→ To do
Look below for the line with "The Real Auschwitz Chronicle, Parts 1 and 2" and the line with "How to Find"; repeat exactly those two lines and all lines between them, but no pictures.

→ Records shown

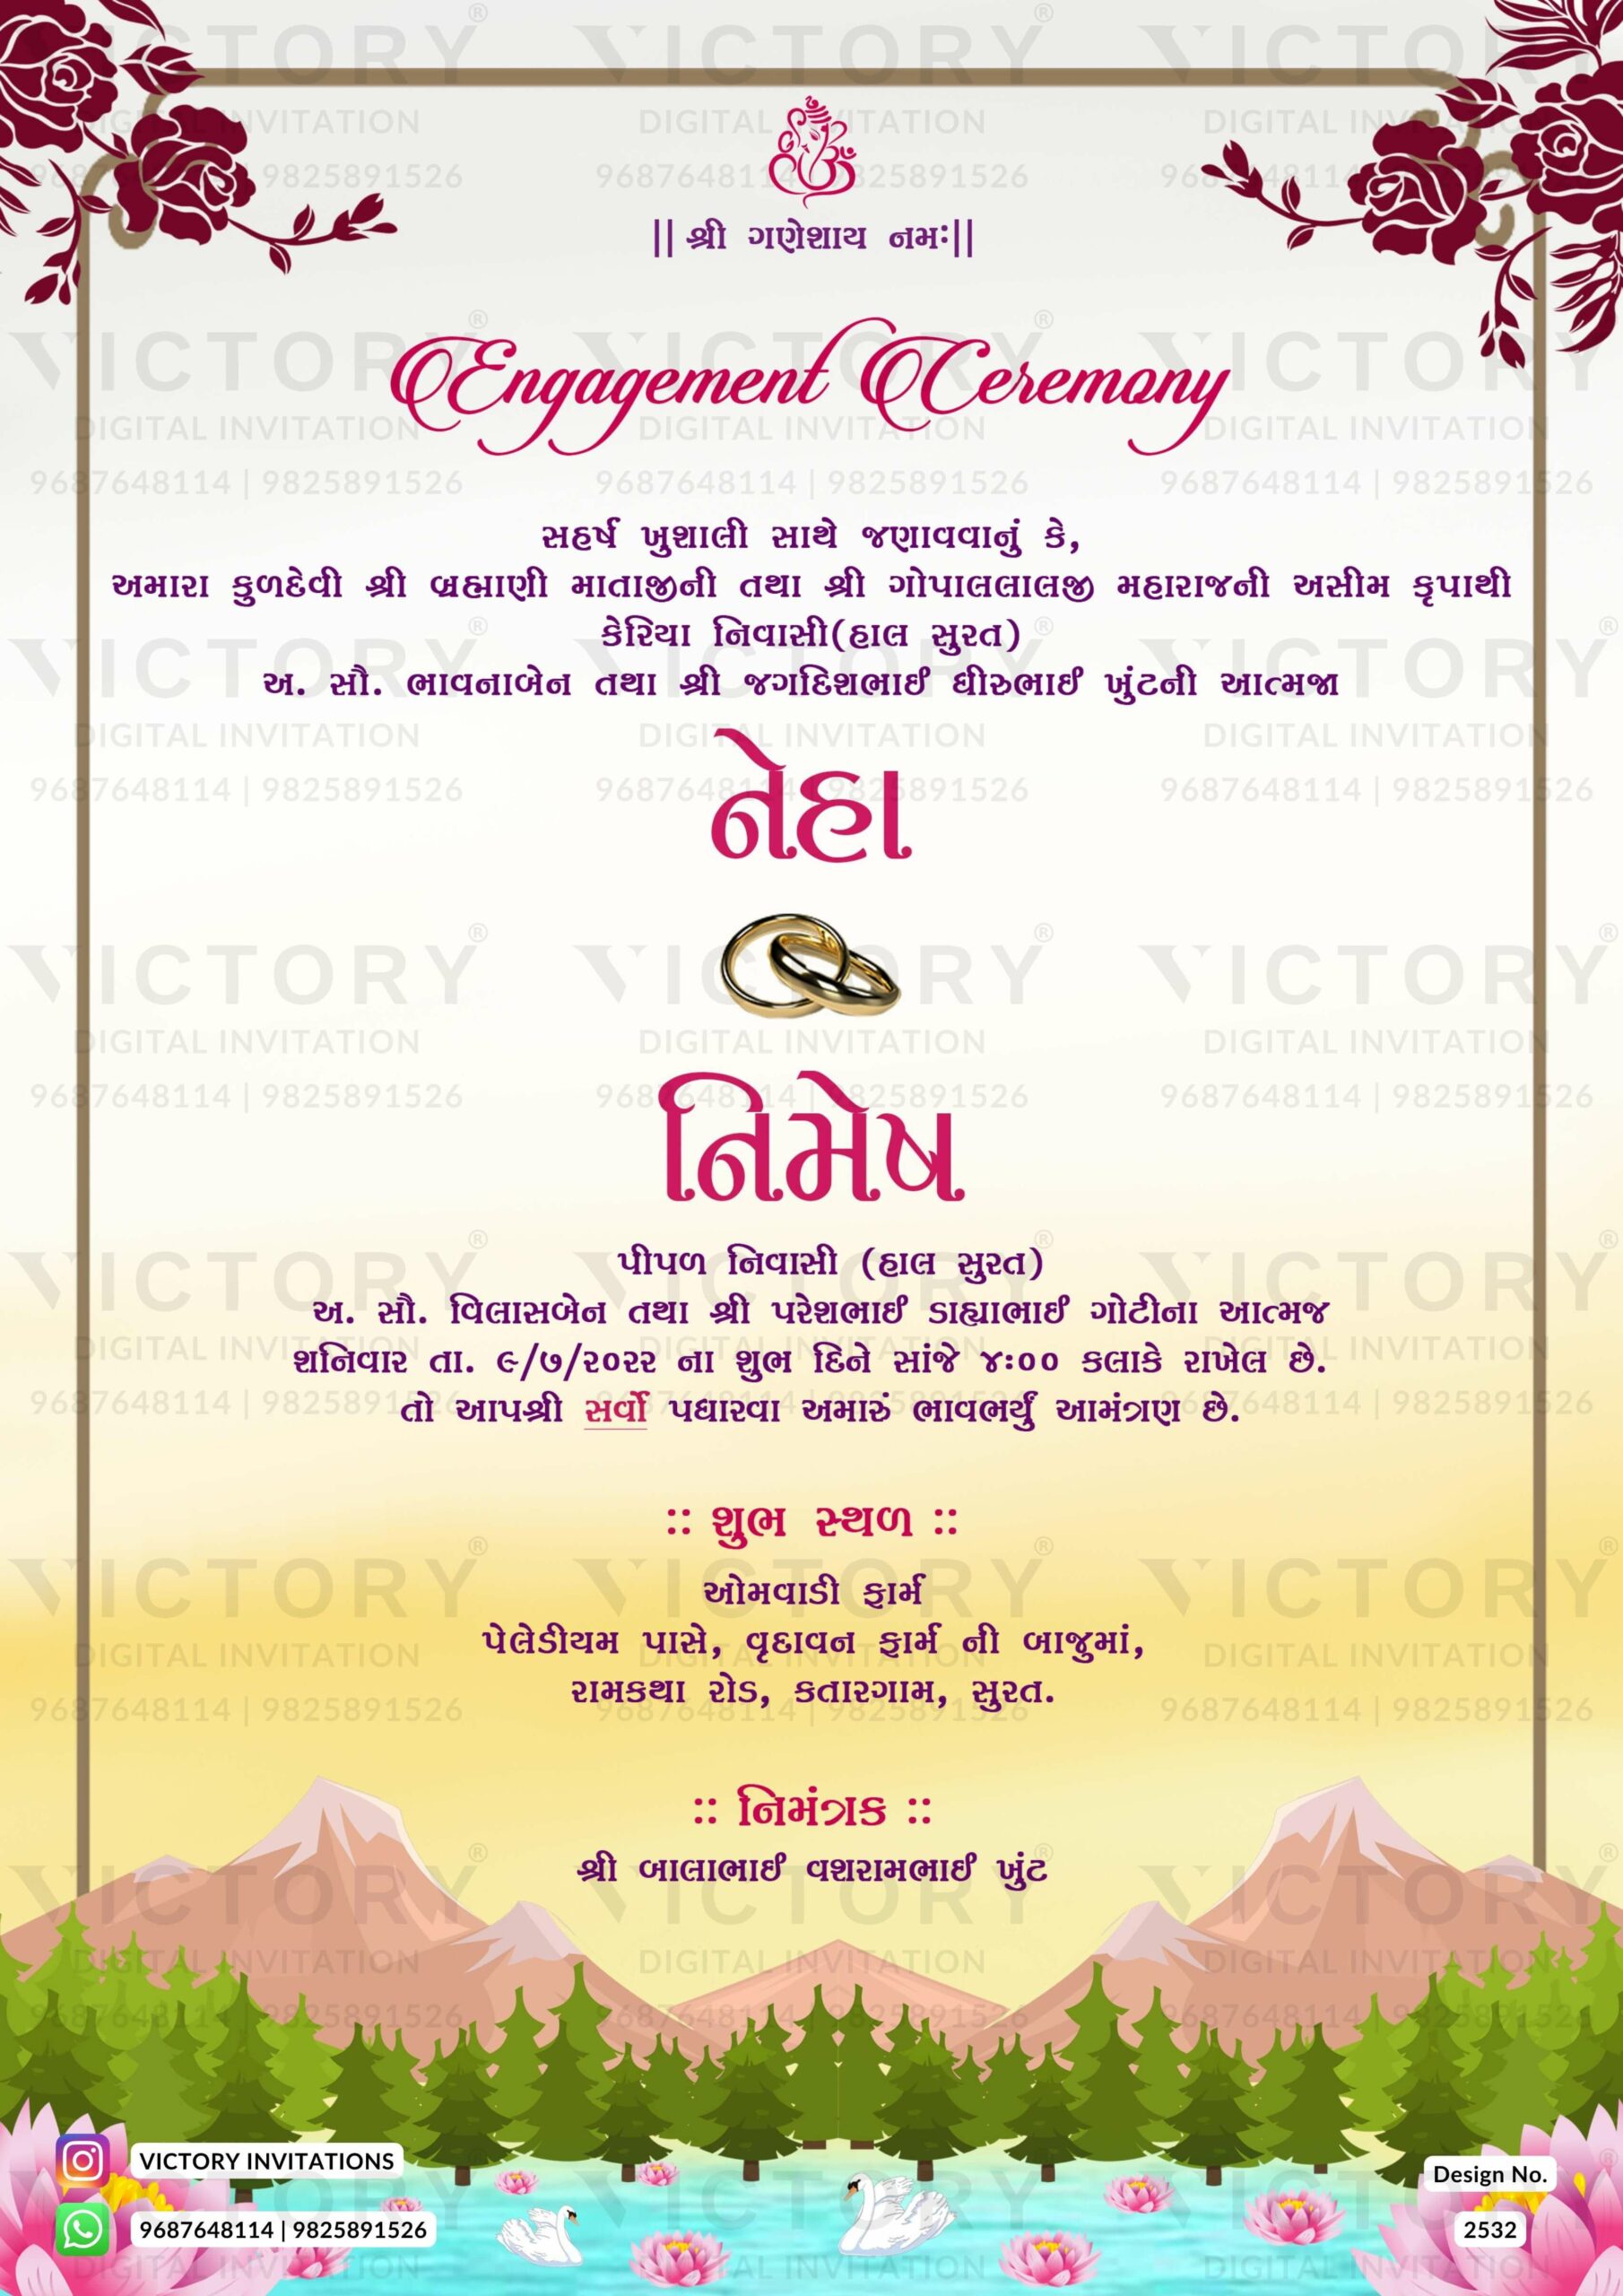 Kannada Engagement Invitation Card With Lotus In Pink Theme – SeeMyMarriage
...
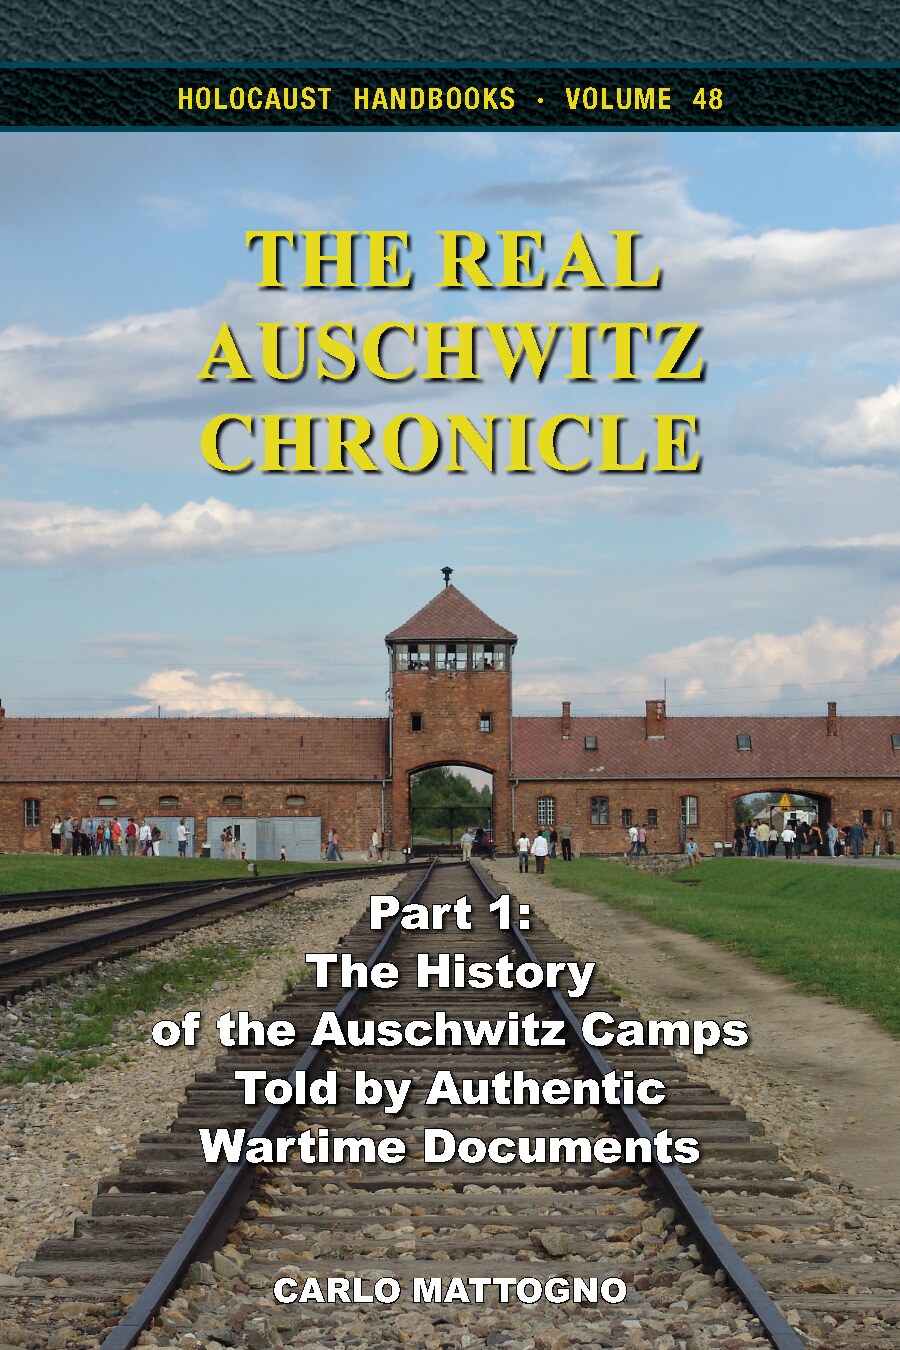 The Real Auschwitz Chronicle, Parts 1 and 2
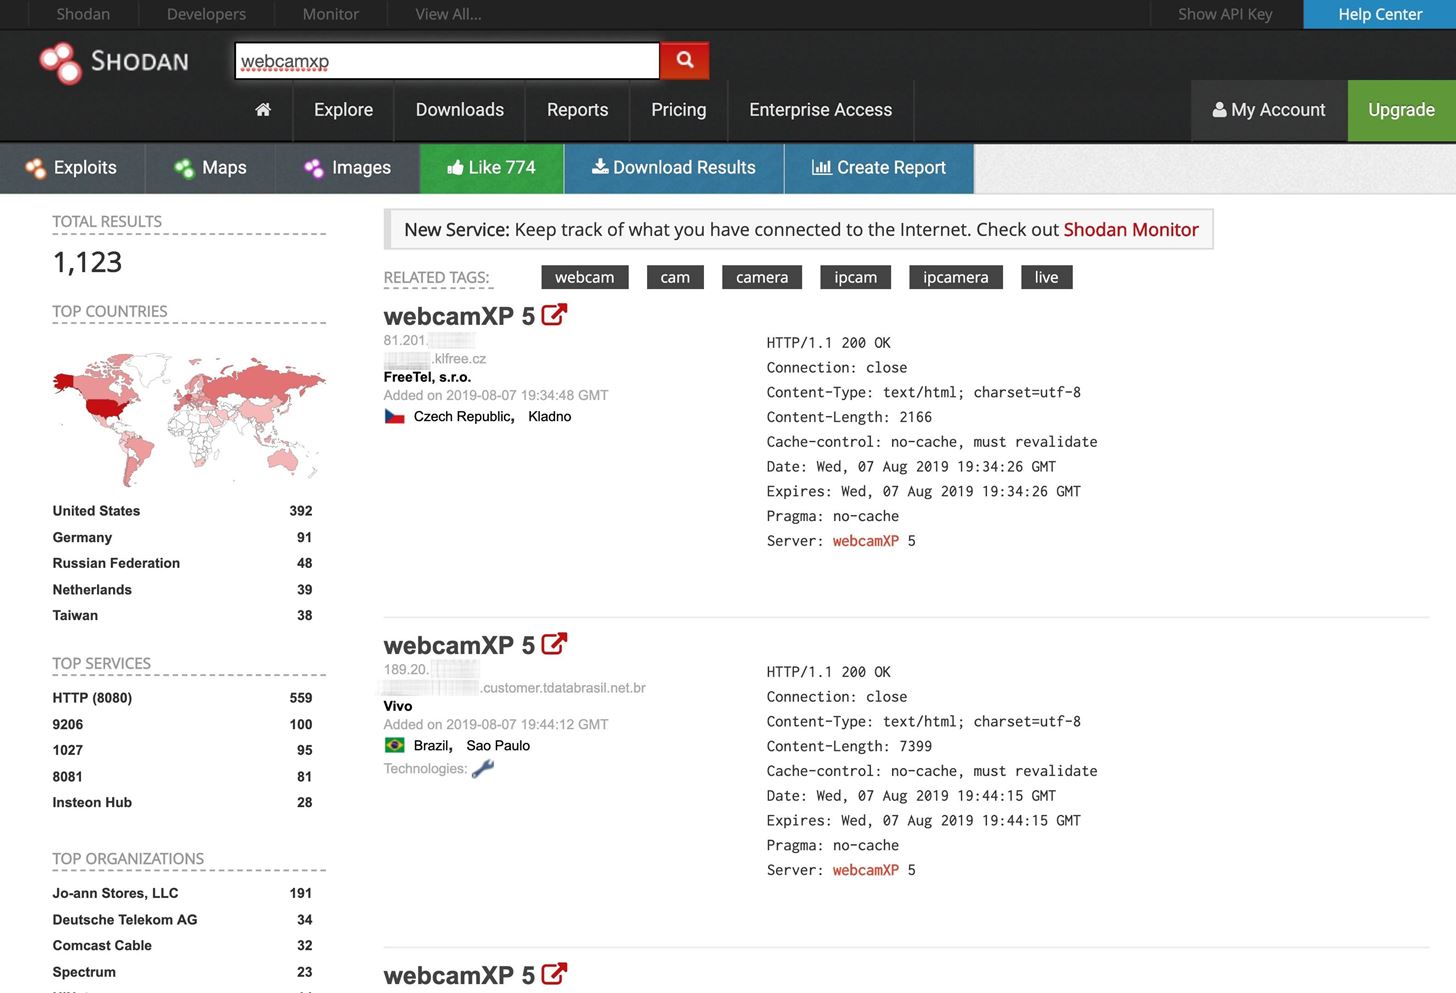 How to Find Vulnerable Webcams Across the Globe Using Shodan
* * *
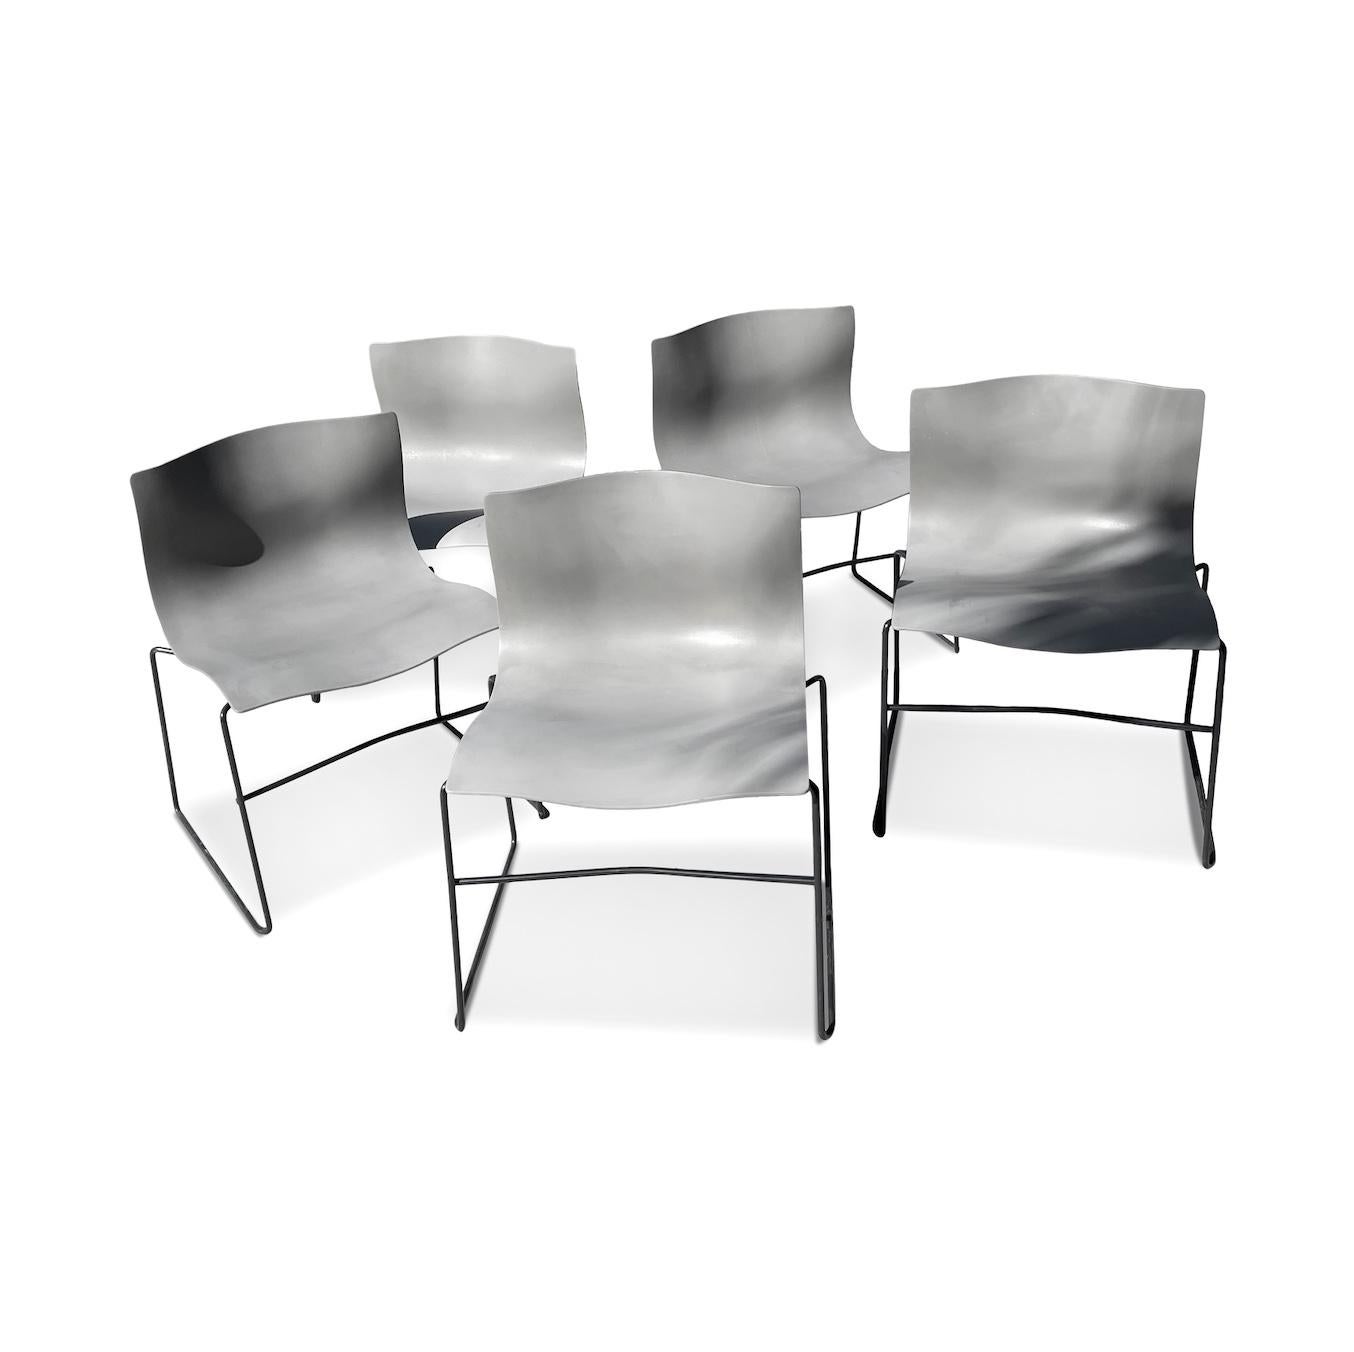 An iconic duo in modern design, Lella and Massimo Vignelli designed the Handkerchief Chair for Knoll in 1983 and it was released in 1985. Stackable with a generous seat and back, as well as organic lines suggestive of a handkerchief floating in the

→ Exercise response
 The Real Auschwitz Chronicle, Parts 1 and 2
 How to Find Vulnerable Webcams Across the Globe Using Shodan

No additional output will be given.